I’ve not really known how to answer this.
But this is what I do know.
My upcoming book, SHE: A collection of you, me, her, is a product of the blog I started almost five years ago; Fly In My Wine.
I distinctly remember like it was yesterday, sitting on a shitty rug, on the floor of my lounge room. My new computer was in front of me and my wine was at hand. I was researching what a blog was and how to have one (I’m still unsure). I lifted my wine to my lips and was confronted by a fly, swimming luxuriously (or drowning, whatever). I wanted to write a blog about the big issues in my little life. When I saw that fly, that’s what I saw, a big issue in my little life. And so, my blog found its title.
Fly In My Wine was created at a time when I was in desperate need of deeper conversations. This was pre-kids (so imagine my desperation now). Back then, all I wanted was to sit around a big table with well-travelled people and talk about REAL stuff, the big issues (I might have overindulged in Elizabeth Gilberts ‘Eat, Pray, Love”).

But guess what happened. When I started writing, all that came out was short truths (FYI – nobody responded. No comments. Zero. Zilch. There was no conversation). My mum (yes, Deborah with her literary wisdom) told me that what I was writing was vignettes: otherwise known as pieces of emotive writing that could fit on a vine leaf. I started writing a lot of vignettes. Then I had my first child, and motherhood inspired more vignettes to shoot out of me faster than the low flow of breast milk.

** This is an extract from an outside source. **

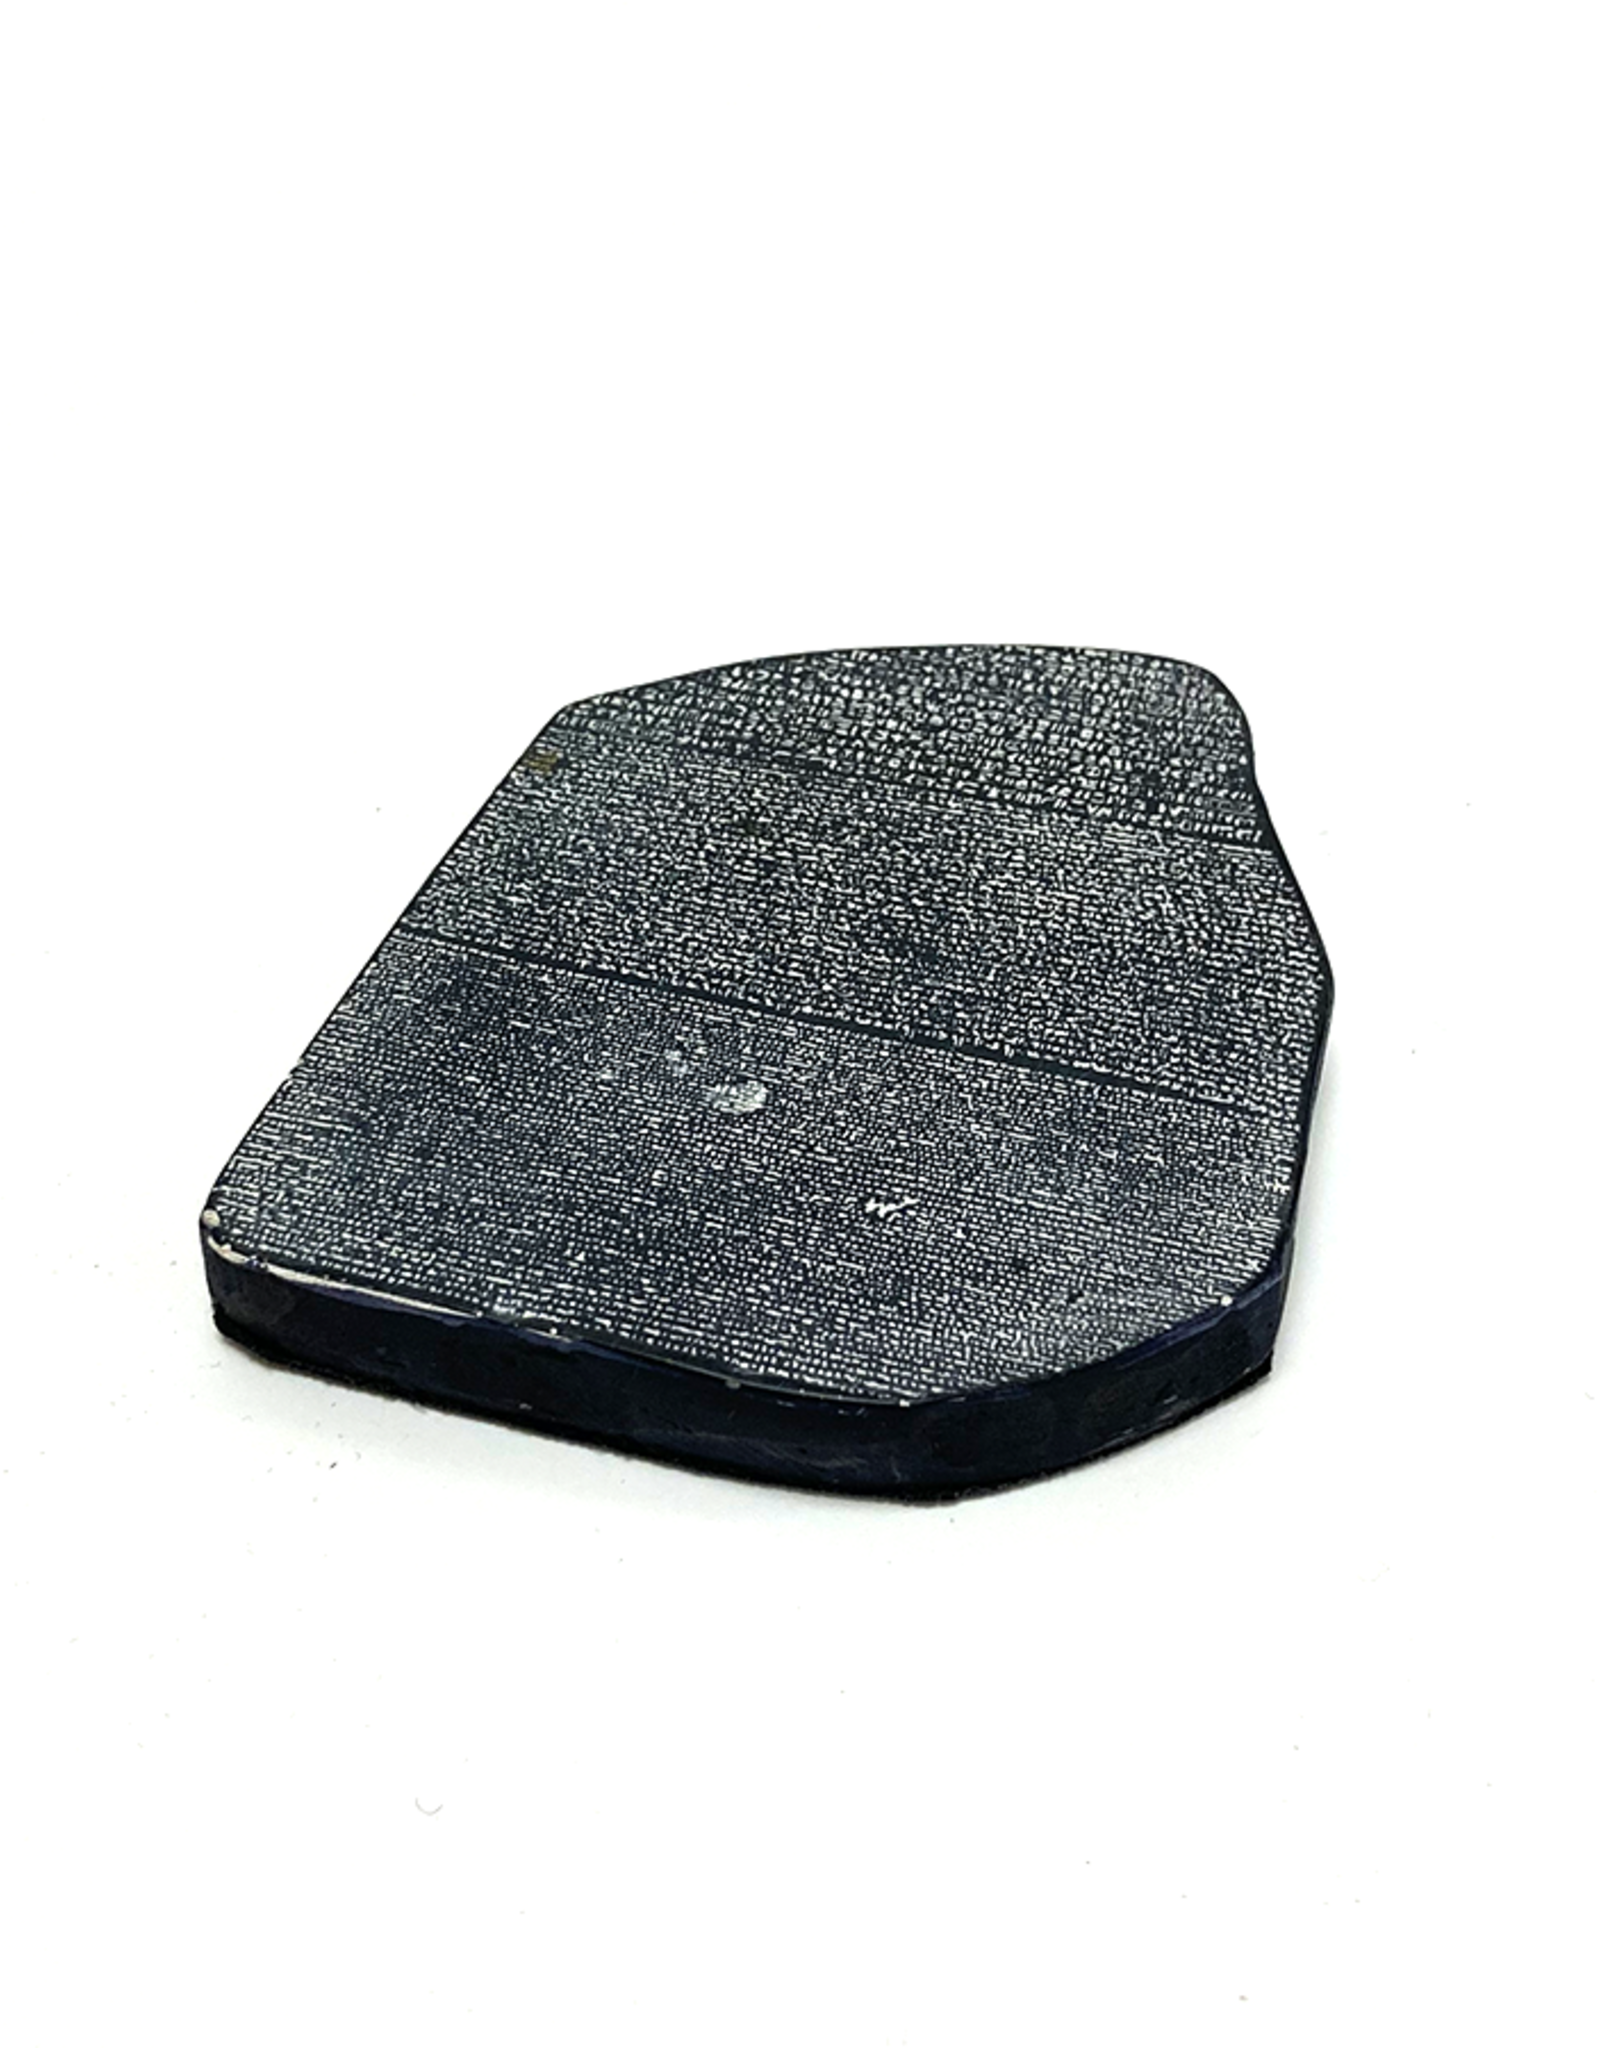 Rosetta Stone Paperweight

Eventually, somebody asked, ‘Are you going to write a book soon?’ As I looked back on my adventure from starting Fly In My Wine, the adventure that changed me overtime from a wanderer to a lover, a mother, and now all the things verging on a wonderer, I realized, I had written a book.
In short (after that long spiel), it didn’t take that long. Once I realized that what I had written was essentially a journey of four major roles I and many other women take on, then it came together. I feel like SHE was created organically, with the exception of my having to actually experience those four roles (inclusive of wine and poo).
I could say it took me five years unconsciously to write SHE, or I could say it took my three months, consciously. It doesn’t matter how long it took me, what matters is that I did it. That SHE is here. And soon I get to share her with you.